The data:
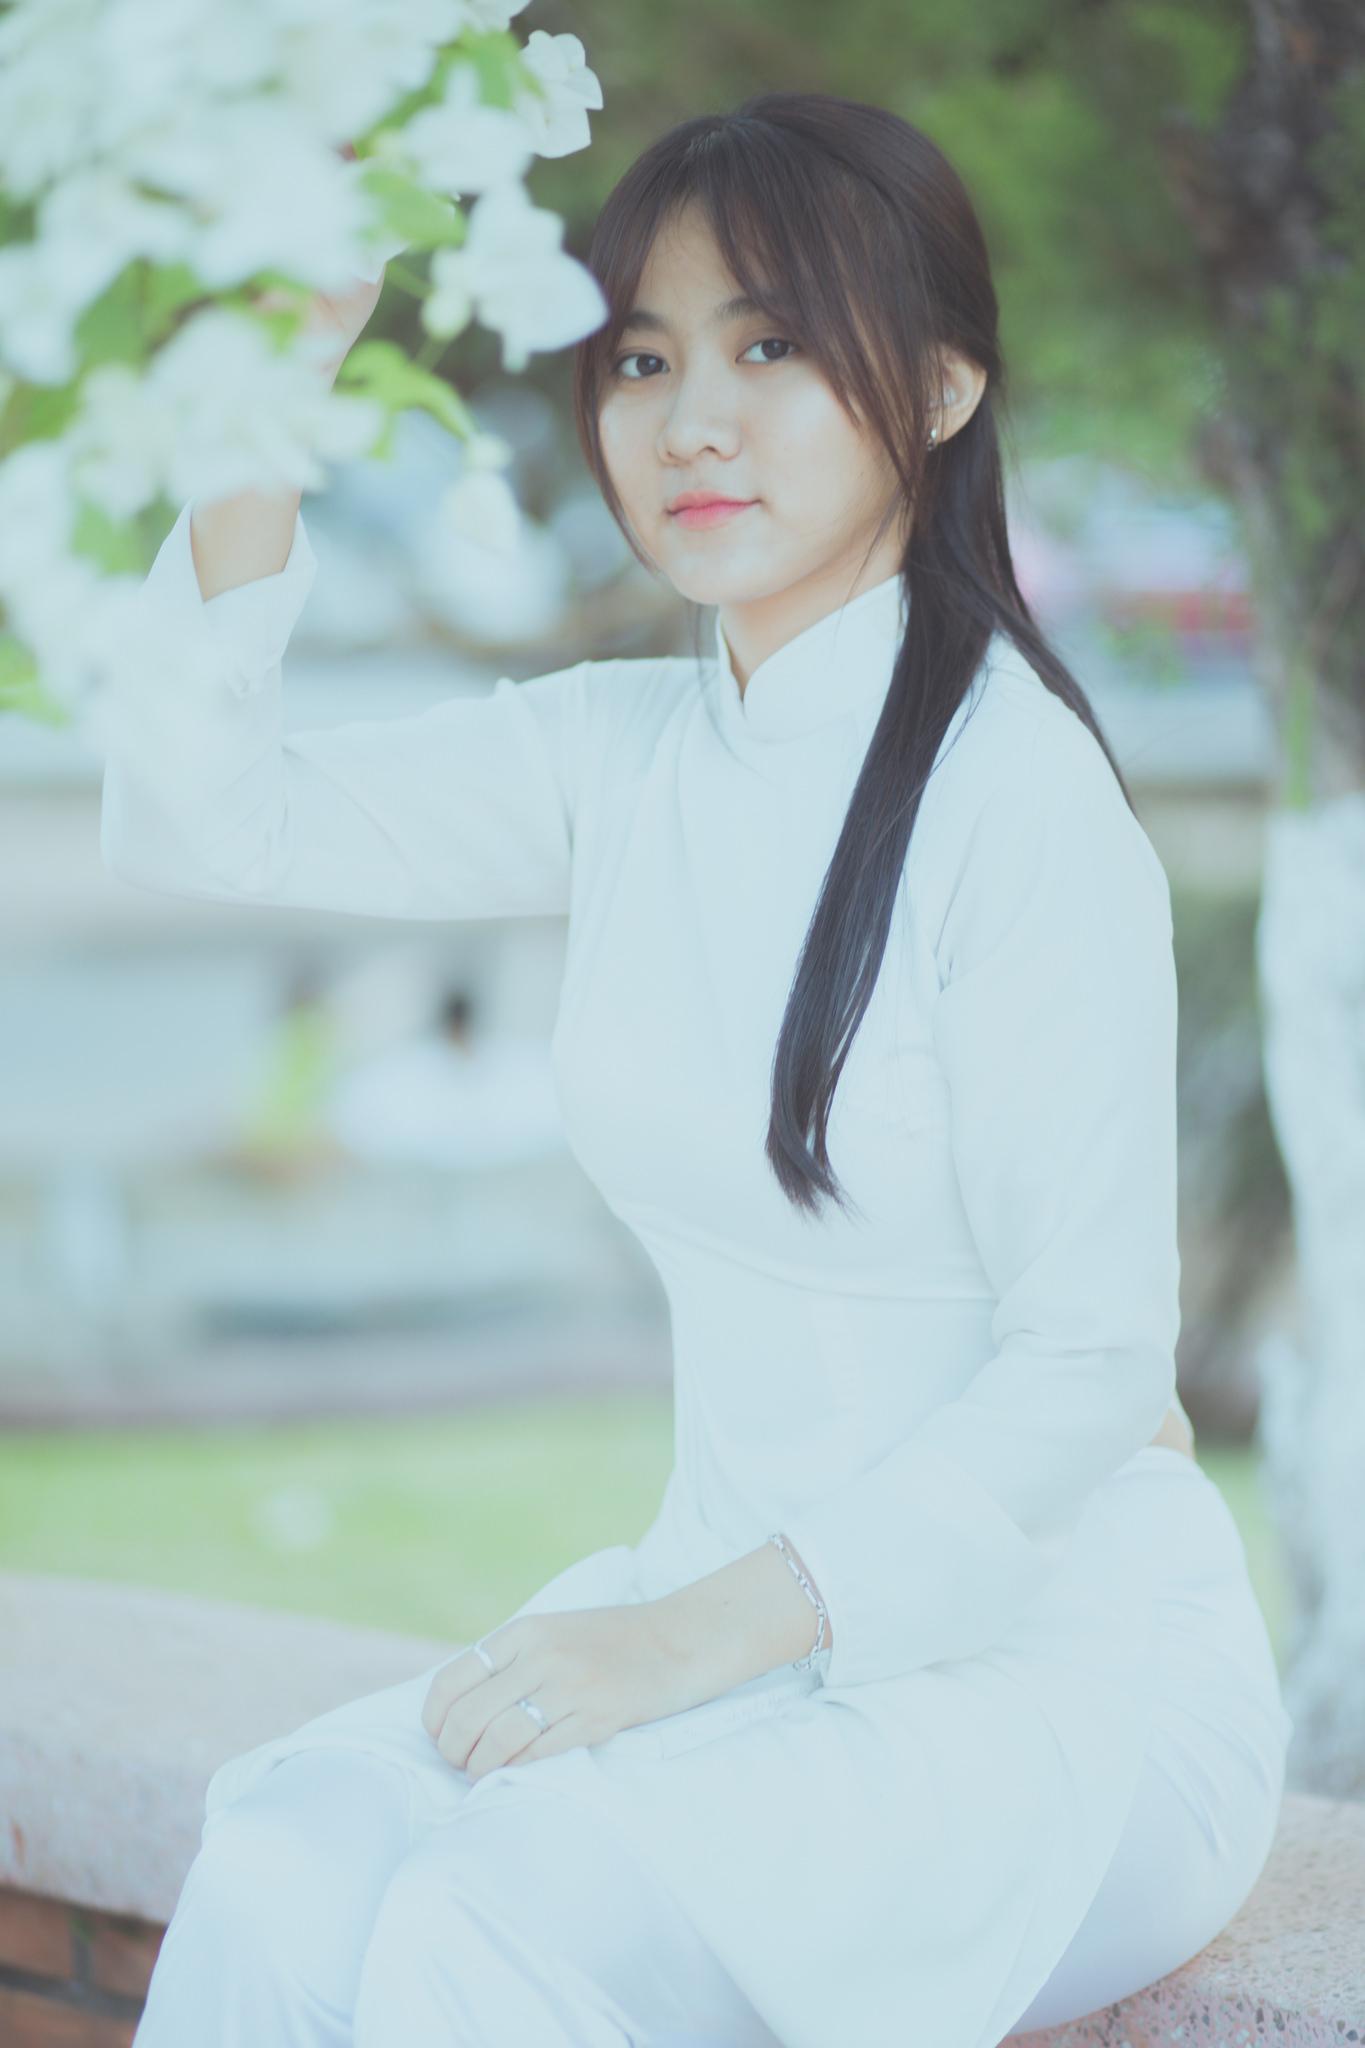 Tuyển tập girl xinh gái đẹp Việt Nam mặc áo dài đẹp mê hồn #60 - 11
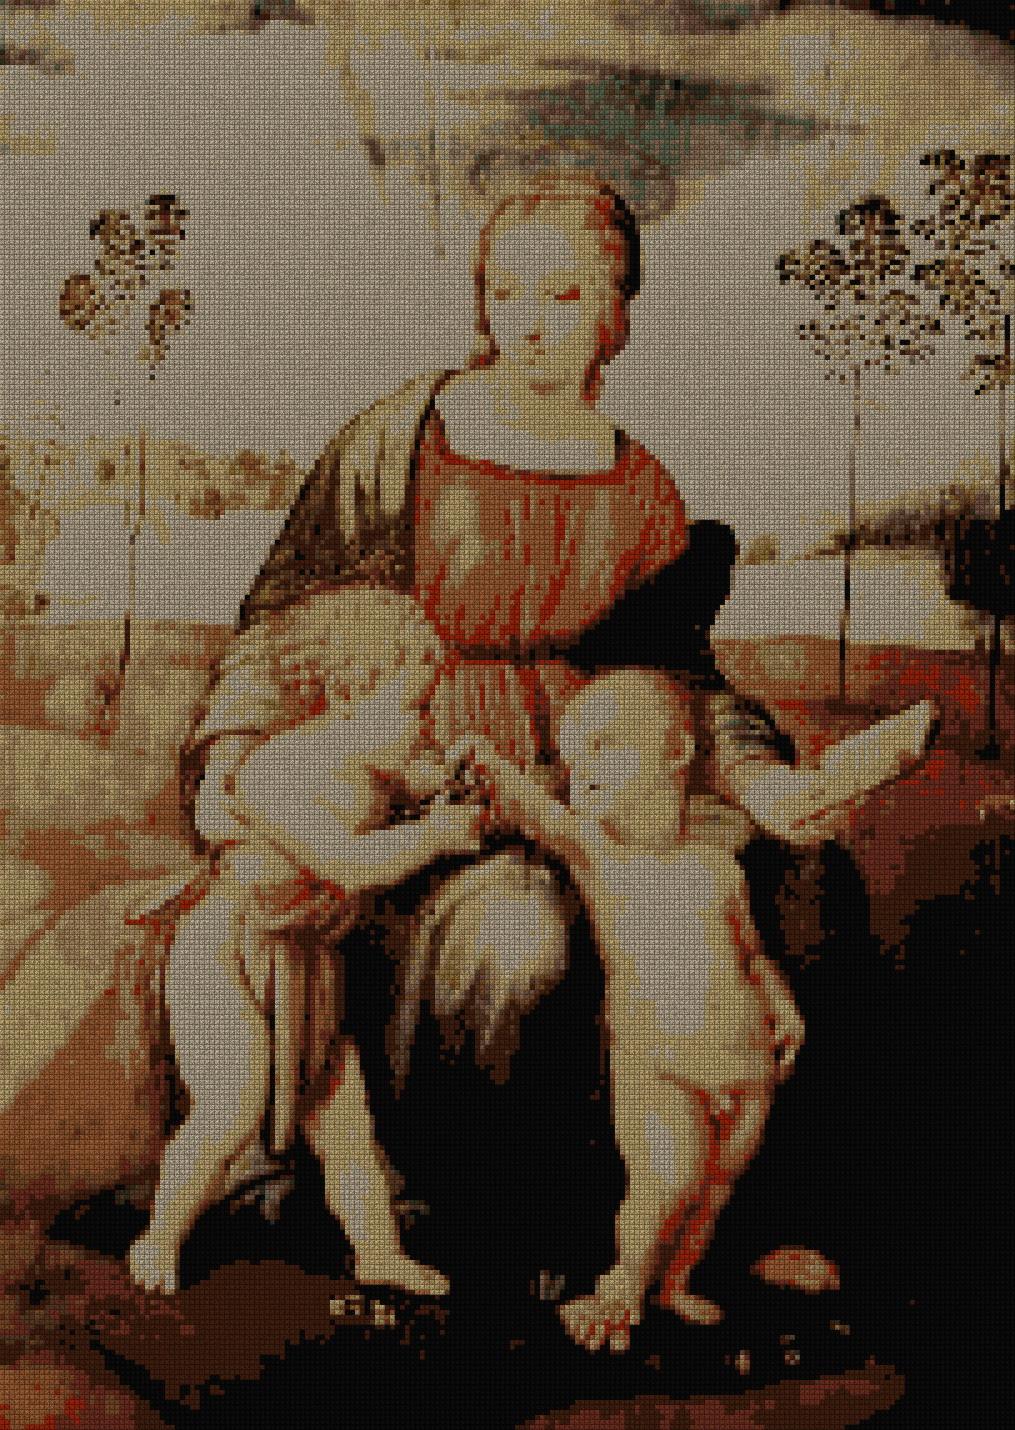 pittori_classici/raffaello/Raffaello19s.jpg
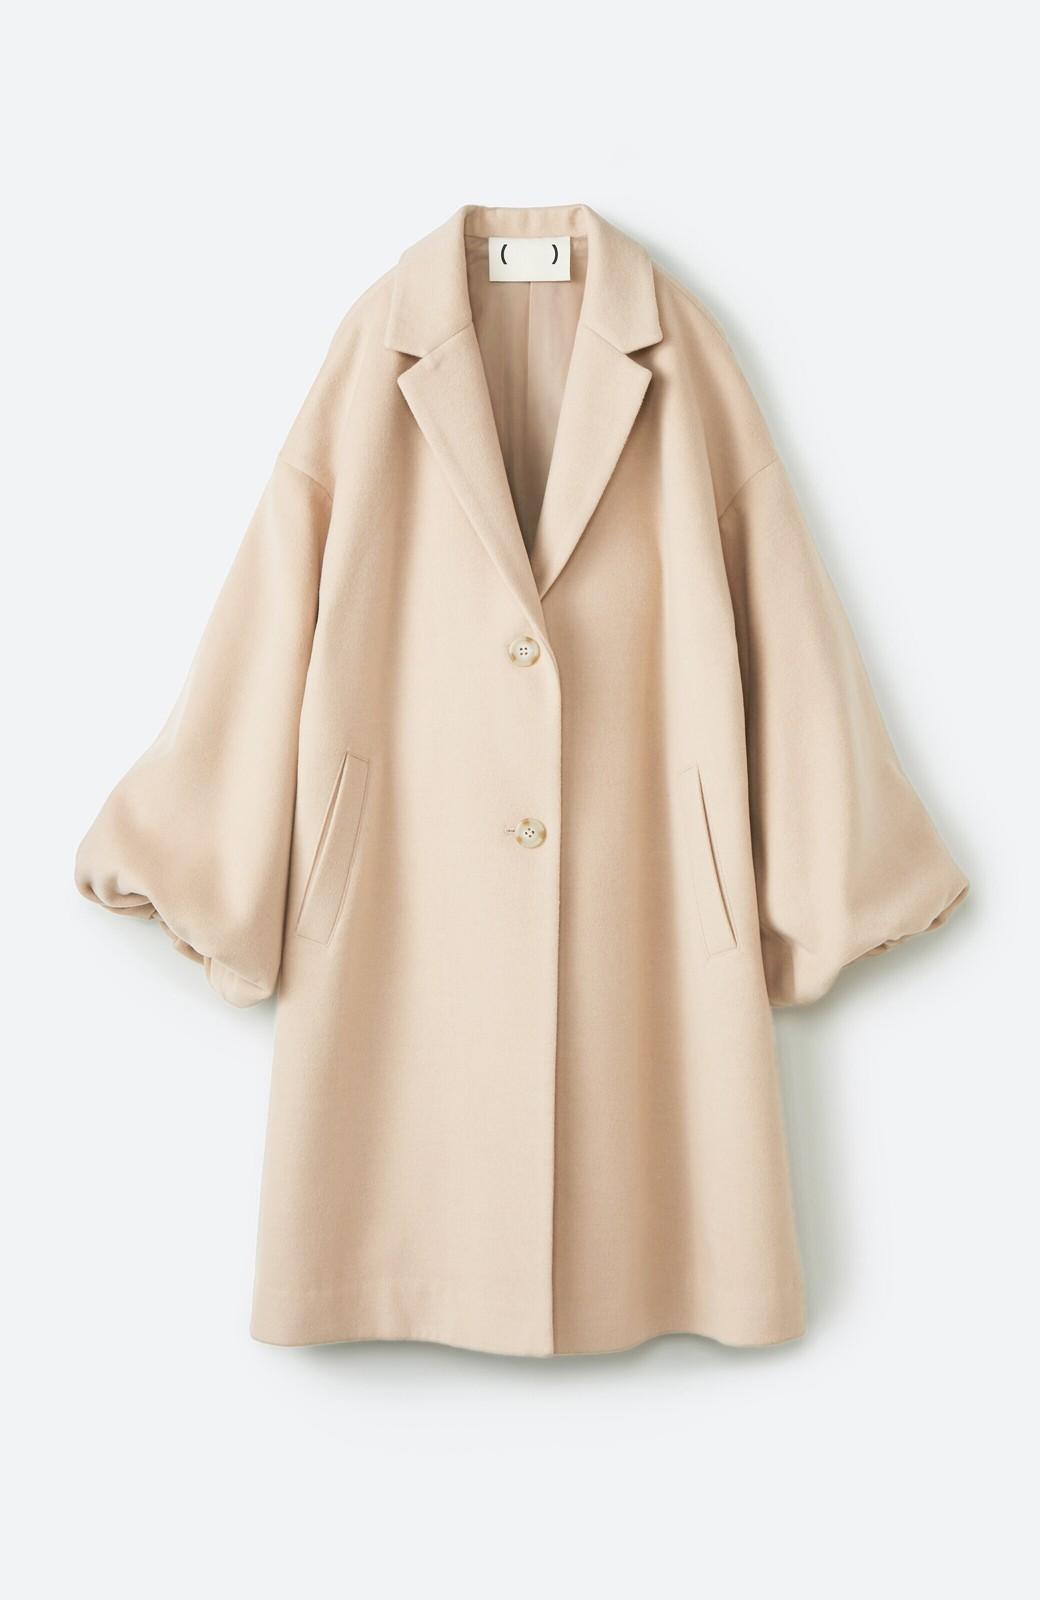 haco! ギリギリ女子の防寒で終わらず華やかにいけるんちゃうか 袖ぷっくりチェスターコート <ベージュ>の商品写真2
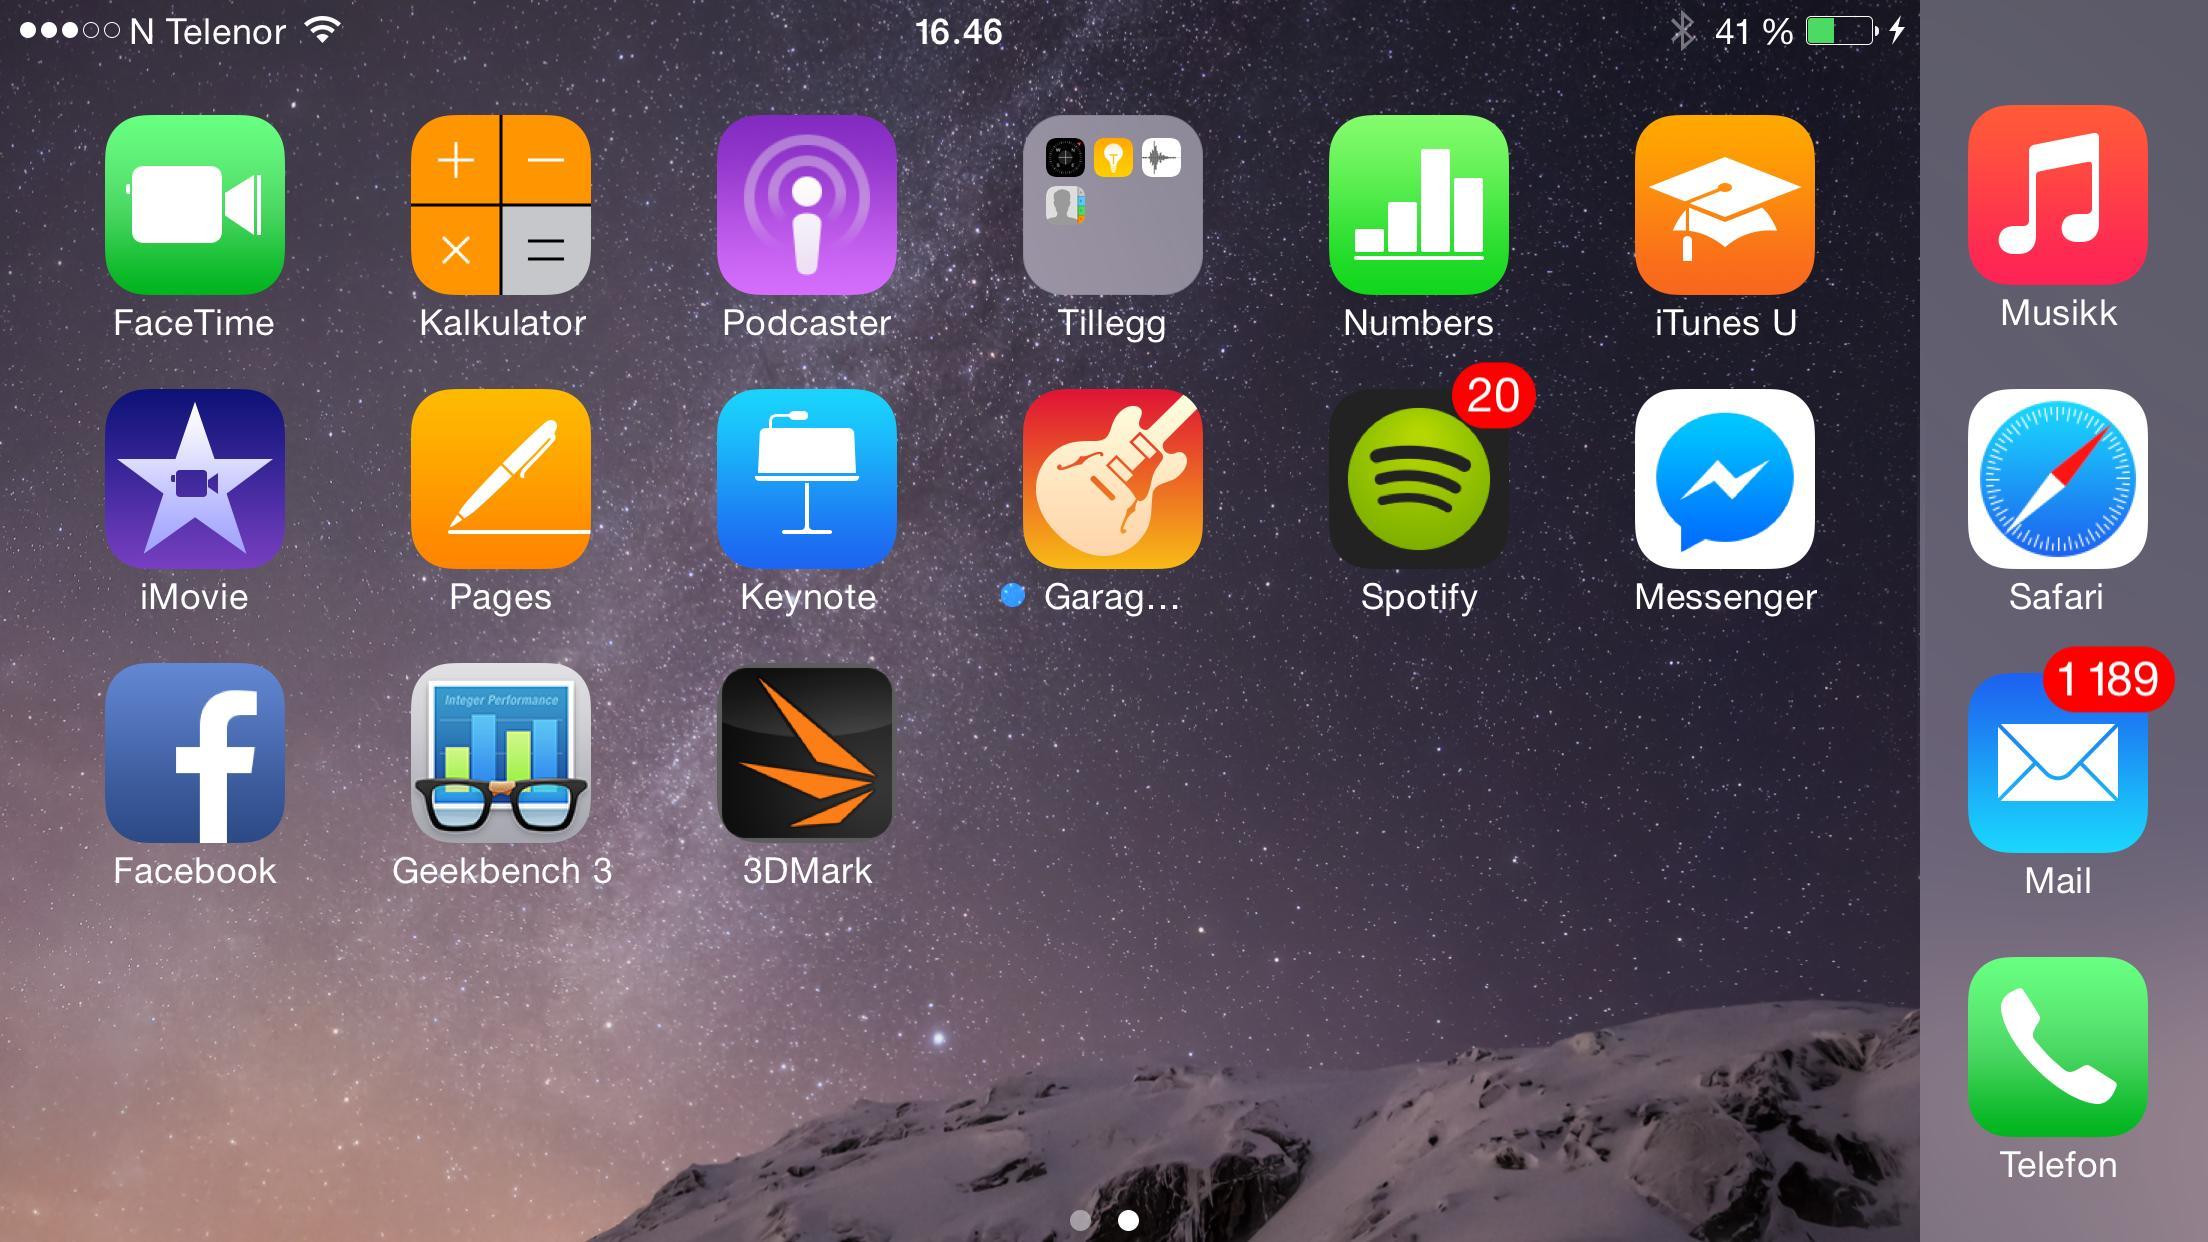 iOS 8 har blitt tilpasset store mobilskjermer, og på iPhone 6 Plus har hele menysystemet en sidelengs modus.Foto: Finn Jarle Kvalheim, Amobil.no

Exercise details: After removing the pictures, transcribe the listing above exactly.

Reply to the task:
 Tuyển tập girl xinh gái đẹp Việt Nam mặc áo dài đẹp mê hồn #60 - 11
 pittori_classici/raffaello/Raffaello19s.jpg
 haco! ギリギリ女子の防寒で終わらず華やかにいけるんちゃうか 袖ぷっくりチェスターコート <ベージュ>の商品写真2
 iOS 8 har blitt tilpasset store mobilskjermer, og på iPhone 6 Plus har hele menysystemet en sidelengs modus.Foto: Finn Jarle Kvalheim, Amobil.no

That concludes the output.